SC to decide distinction in employees & employer contribution to PF, ESI for allowability u/s 43B

Supreme Court to decide difference between employees & employer contribution to PF, ESI for allowability under Section 43B of the Income Tax Act.

In a recent case, the Hon’ble Supreme Court has admitted SLP to decide if there is difference between employees and employer contribution to PF, ESI for allowability under Section 43B of the Income Tax Act, 1961 (the Act)

ABCAUS Case Law Citation:
5024 (2026) (01) abcaus.in SC

In 2022, a full bench of the Hon’ble Supreme Court settled the law that deposit of employees’ contribution beyond the due dates prescribed in the relevant Statute is not deductible under section 43B even if deposited before due date for filing return of income.

However, the controversy continued with respect to allowability u/s 43B of employers’ contribution if made after the due dates prescribed in the relevant Statute.

In the instant case, the assessee was a company. For the AY 2019-20, there was a delay in making payment of Employees’ Provident Fund (EPF) and Employees State Insurance (ESI) contributions received by the appellant company from its employees, as compared to the due dates set out in the EPF/ESI Acts. However, the appellant had made the said payments before the due date for the submission of the appellant’s Income-tax Return.

The Assessing Officer (AO), in the assessment order passed under Section 143(1) of the Income Tax Act, 1961 (the Act) made adjustments/additions in respect of these payments. The disallowance was confirmed by the ITAT and the Delhi High Court observing that the judgment of the Supreme Court in Checkmate Services (P) Ltd. has conclusively interpreted the provision of Section 43B of the Act. 

The matter travelled to Hon’ble Supreme Court which observed that according to the High Court Employer’s contributions under Section 36(1)(iv) and employees’ contributions covered under Section 36(1)(va) read with Section 2(24)(x) are fundamentally different in nature and must be treated separately. That Employees’ contribution deducted from their salaries are deemed to be income under Section 2(24)(x) and are held in trust by the employer. The employers can claim deduction only if they deposit these amounts on or before the statutory due date under Section 36(1)(va). The High Court further held that the non-obstante clause in Section 43B cannot be applied to employees’ contributions governed by Section 36(1)(va).
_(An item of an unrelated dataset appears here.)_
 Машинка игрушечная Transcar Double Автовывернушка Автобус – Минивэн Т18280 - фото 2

The Hon’ble Supreme Court also noted that High Court had distinguished the Apex Court decision in Alom Extrusions and had not considered Explanation 5 to Section 43B at all while at the decision that employees’ contribution must be deposited on or before the due dates under relevant statutes.

The Hon’ble Supreme Court observed that as per Section 2(24)(x), any amount recovered by the employer from the employees towards their contribution to any provident or superannuation fund or any other fund set up under the provisions of the ESI Act, 1948 or any other fund for the welfare of the employees is income. Further, section 36(1)(va) of the Act says that any sum so received by the assessee – employer from his employees to which provisions of Section 2(24)(x) applies, the assessee  employer shall be entitled to deduction while computing income under Section 28, if such sum is credited by the assessee – employer to the employees account before the due date. The Explanation to Section 36(1) (va) lays down that the ‘due date’ means the date by which the assessee employer is required to credit the employees contribution in the relevant fund under any Act, Rule, Order or Notification issued thereunder.
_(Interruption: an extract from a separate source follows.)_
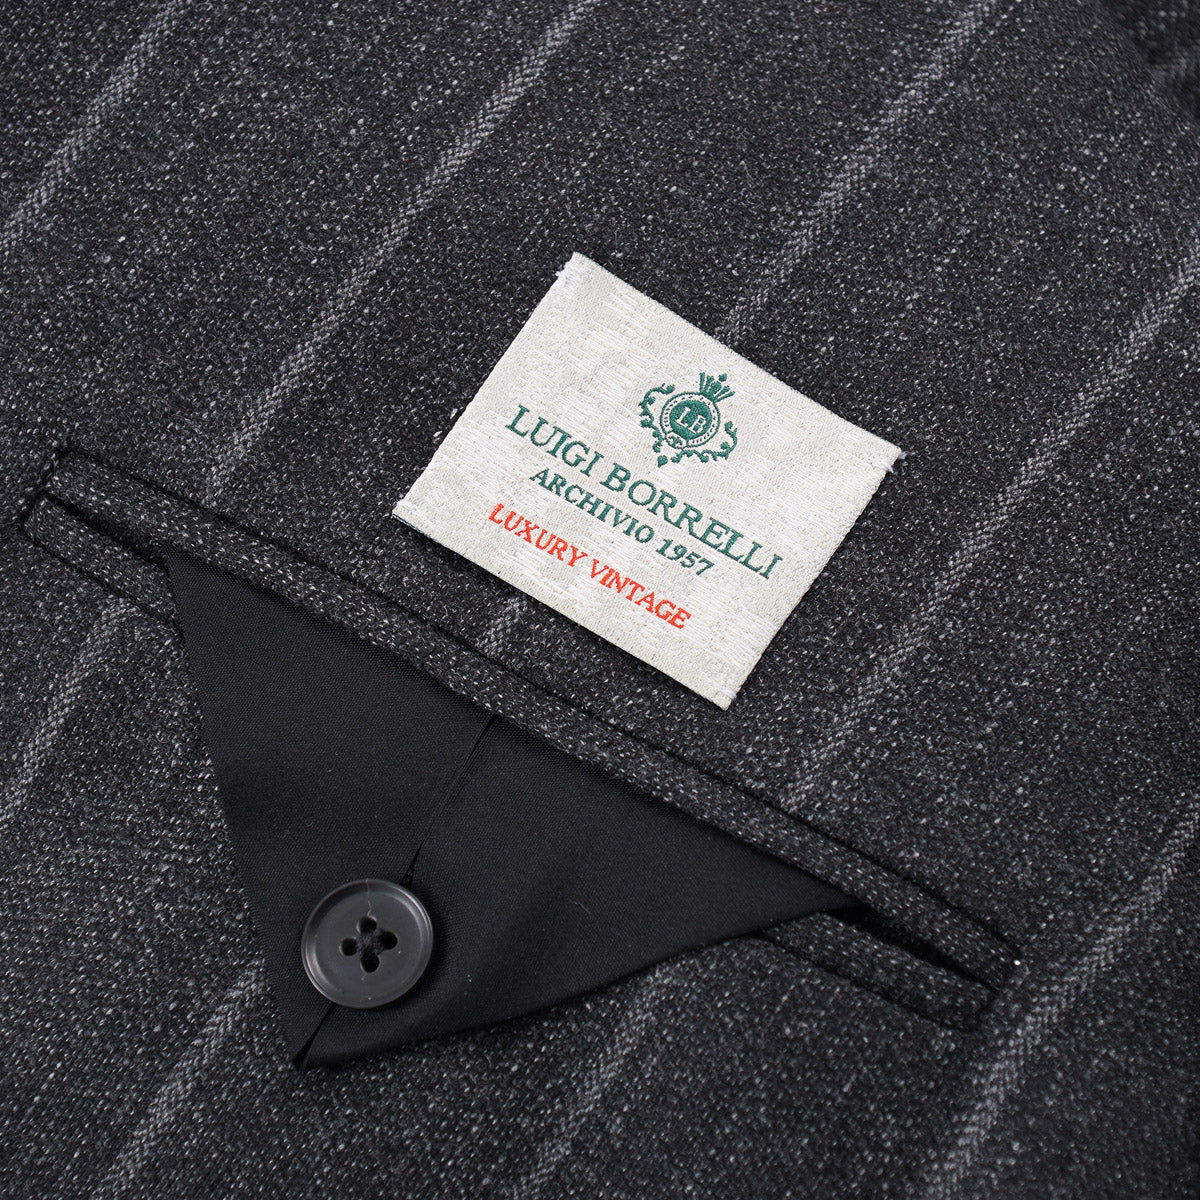 Luigi Borrelli Suit with Drawstring Jogger Pants - Top Shelf Apparel

The Hon’ble Supreme Court observed that there are following two School of thoughts as regards the interpretation of the words “due date” and both views are supported by catena of judgments.
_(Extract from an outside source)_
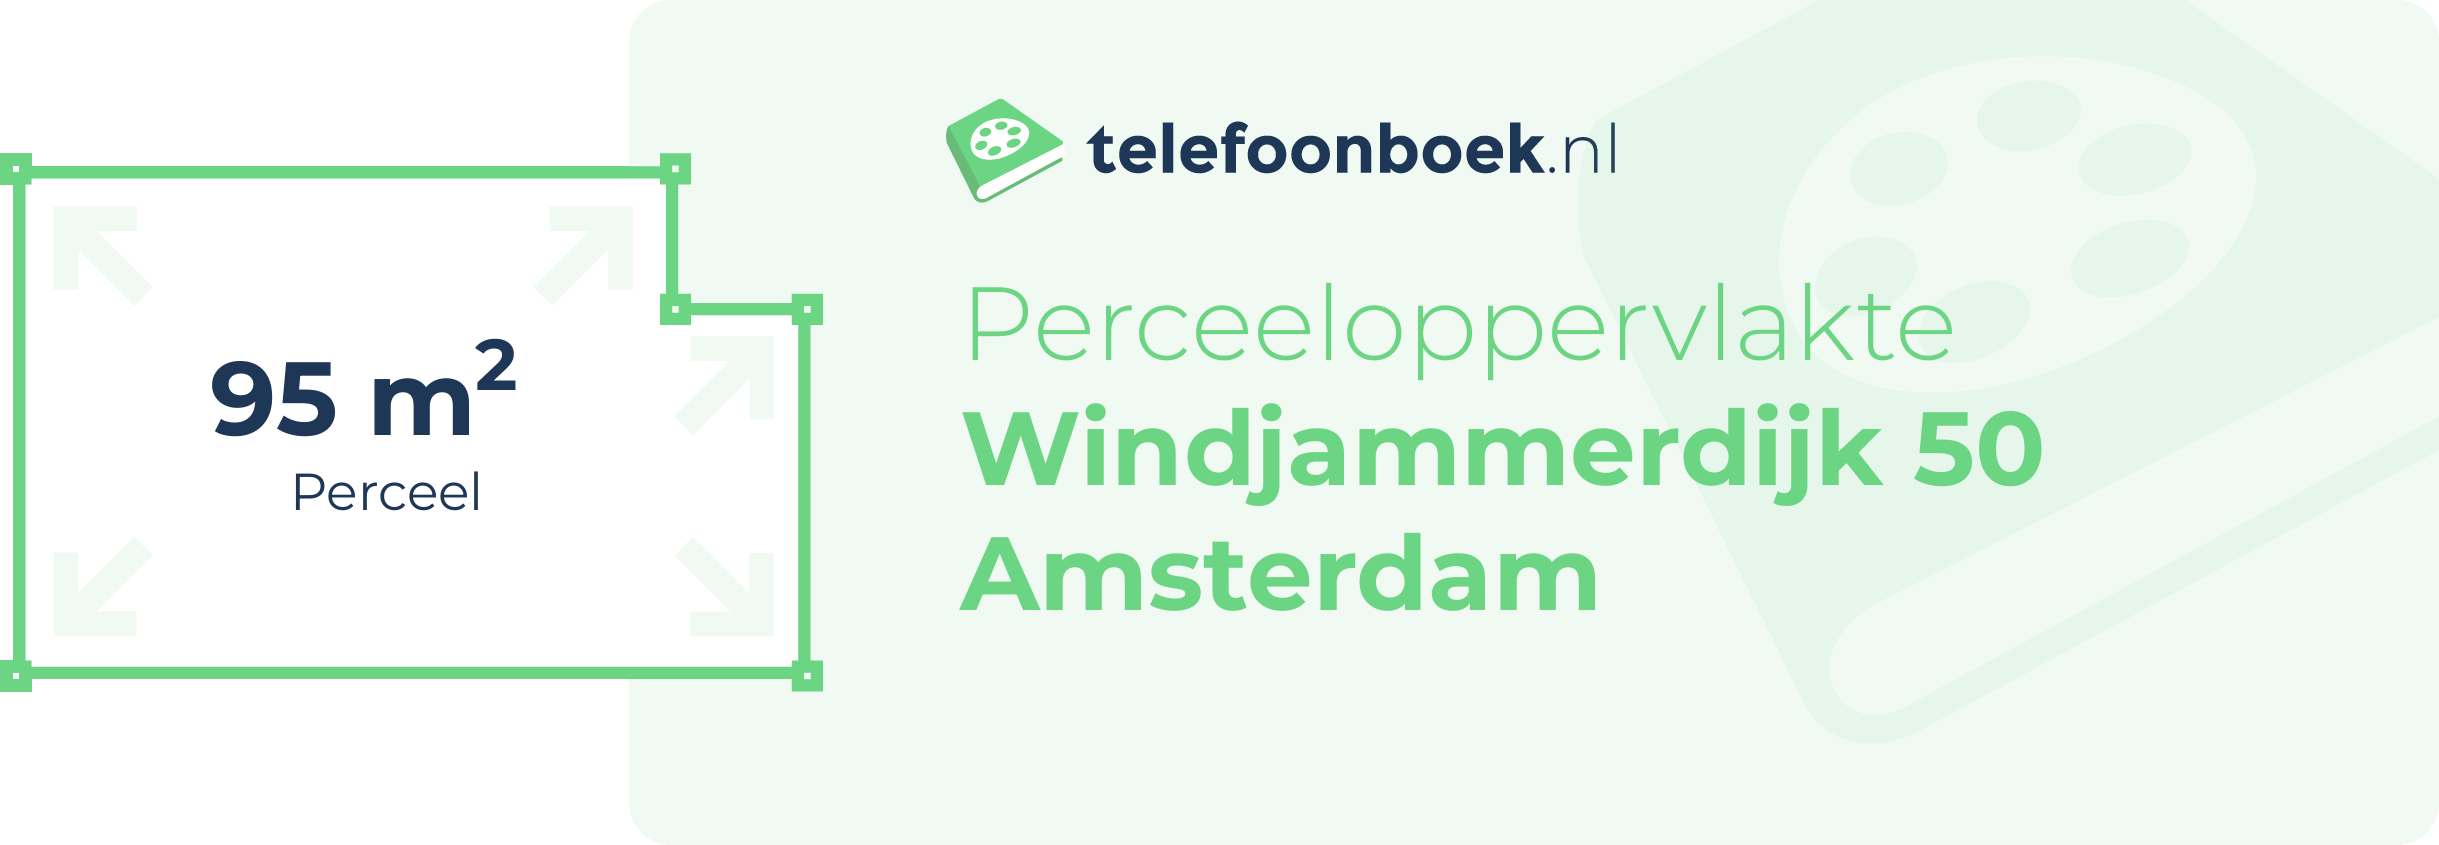 Perceeloppervlakte Windjammerdijk 50 Amsterdam

(1) According to the first view, a combined reading of the Section 2(24)(x) and that Section 36(1) (va) of the Act, prima facie is indicative that any sum received by the assessee – employer from any of his employees as contribution towards PF & ESI is the income of the assessee under Section 2(24)(x) and it continues to be so, unless it is credited by the assessee – employer to the employee’s account in the relevant fund on or before the due date specified under the relevant PF, ESI Act. If the employer wants to have it deducted from his income under Section 36(1)(va), he must credit the same to the employee’s account in the relevant fund on or before the due date specified under the relevant PF, ESI Act.

(2) The other view is that there is no difference between employees and employer contribution to PF, ESI and both would be guided by the provisions of Section 43B of the Act so as to allow deduction in the hands of the assessee – employer if the contributions are deposited on or before the due date of filling of return under Section 139(1) of the Income Tax Act, 1961.

In view of the conflicting opinions on the allowability of employer’s contribution the Hon’ble Supreme Court has admitted the Special Leave Petition (SLP) of the assessee.